PROVIDED RECORDS:
******************************
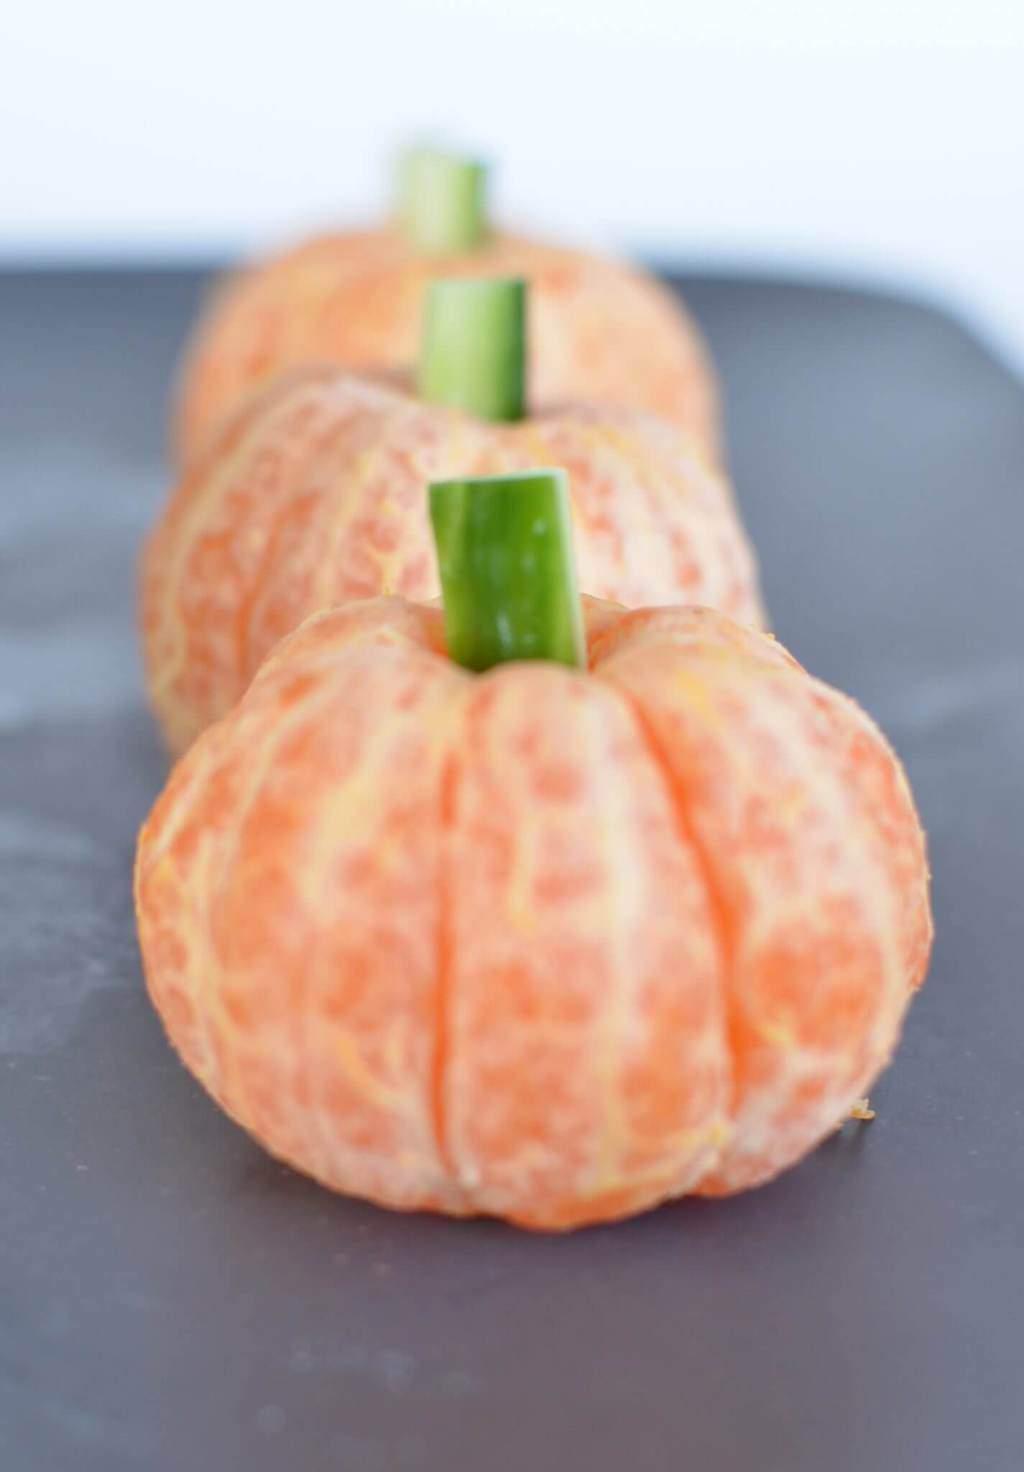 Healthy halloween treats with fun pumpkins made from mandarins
******************************
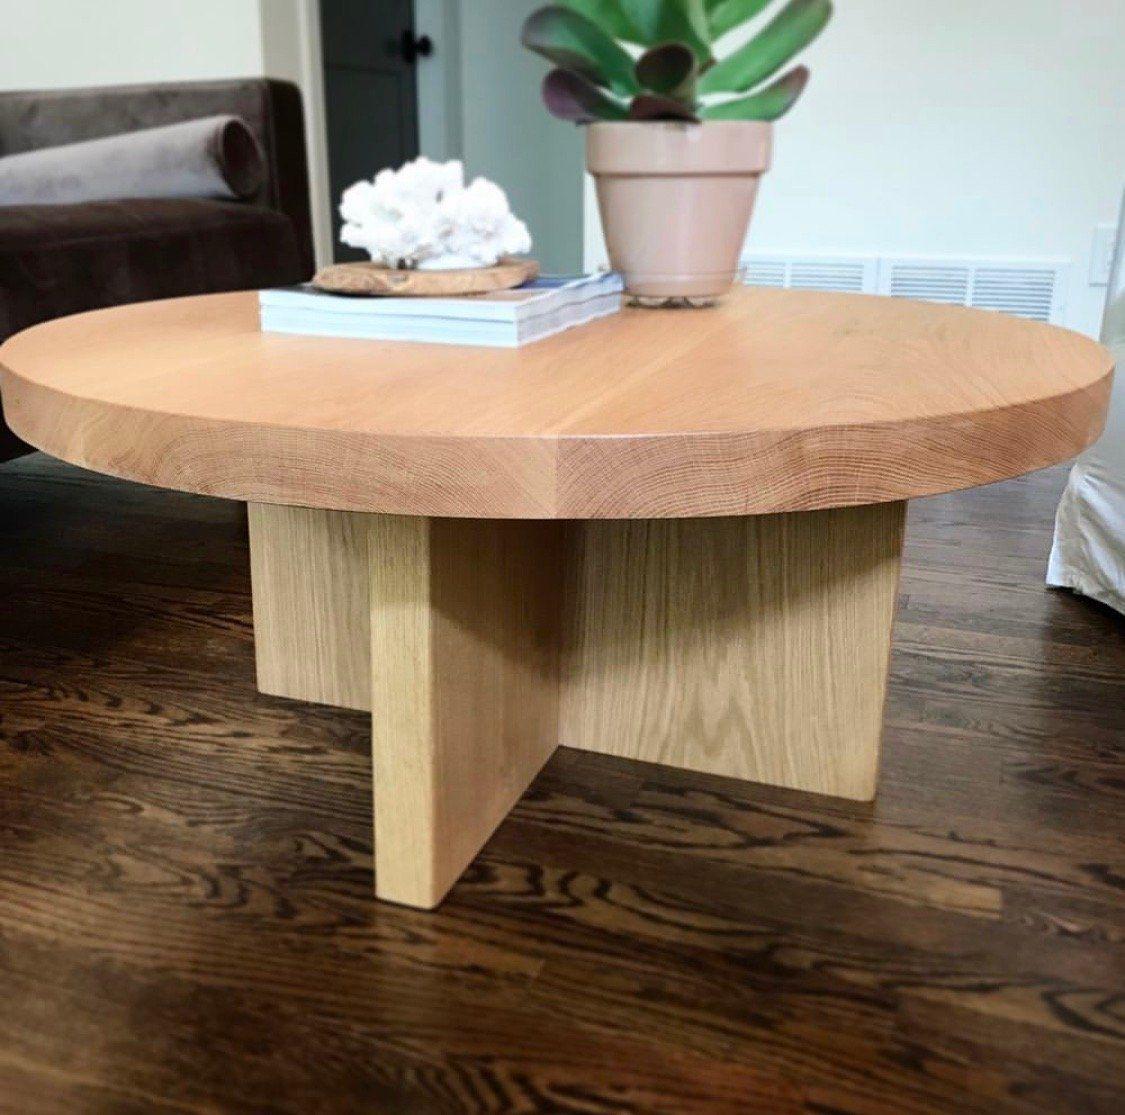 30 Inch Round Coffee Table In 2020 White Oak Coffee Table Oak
******************************
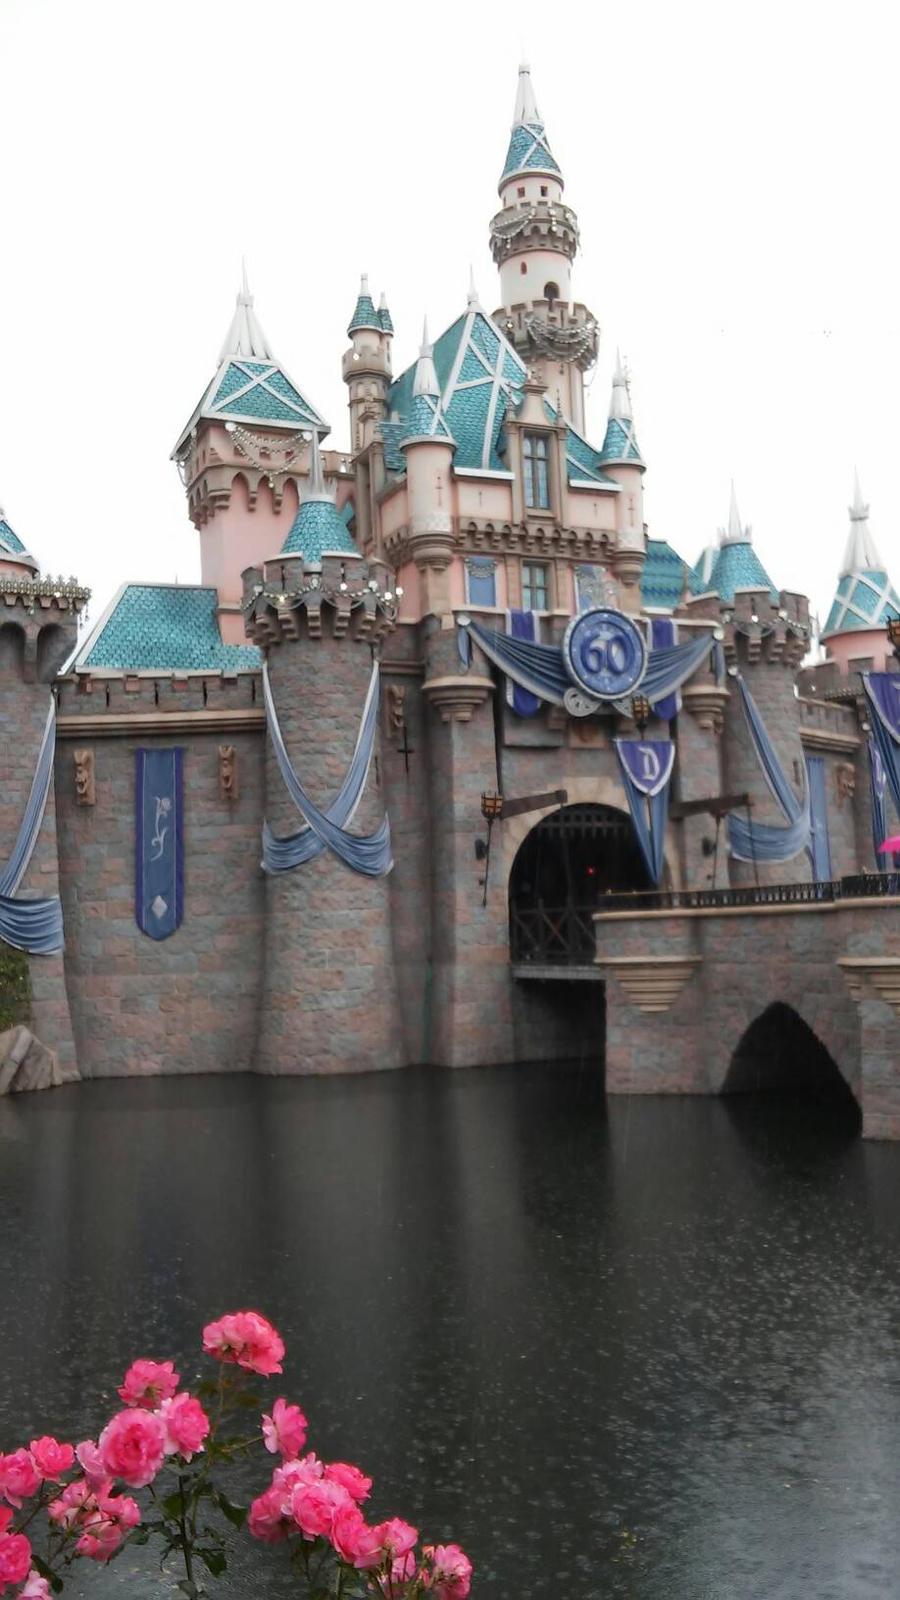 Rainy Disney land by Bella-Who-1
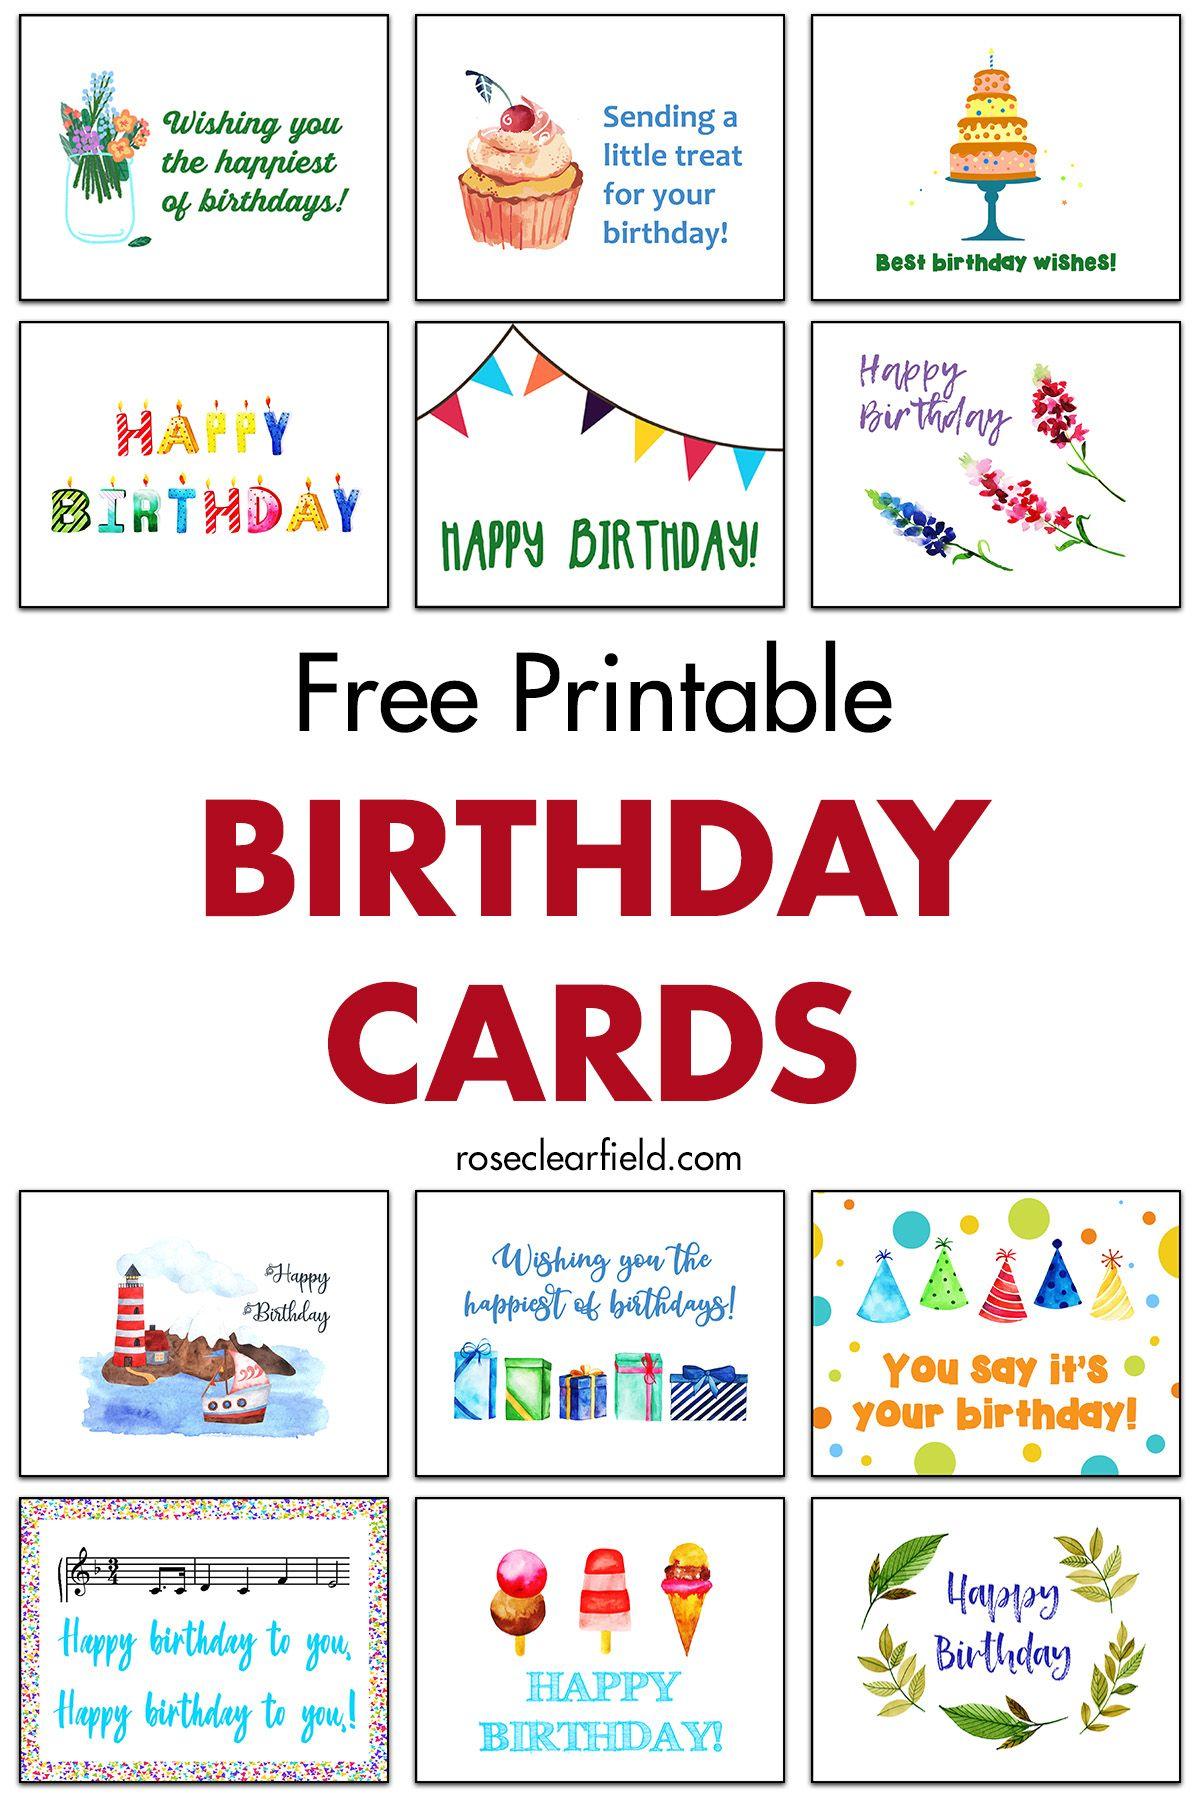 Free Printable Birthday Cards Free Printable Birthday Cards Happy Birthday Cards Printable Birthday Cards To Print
******************************
WHAT YOU ARE ASKED TO DO:
Copy only what lies between the line with "Rainy Disney land by Bella-Who-1" and the line with "Free Printable Birthday Cards Free", those two lines included, exactly as given above; pictures stay out.

THE COMPLETED TASK:
 Rainy Disney land by Bella-Who-1
 Free Printable Birthday Cards Free Printable Birthday Cards Happy Birthday Cards Printable Birthday Cards To Print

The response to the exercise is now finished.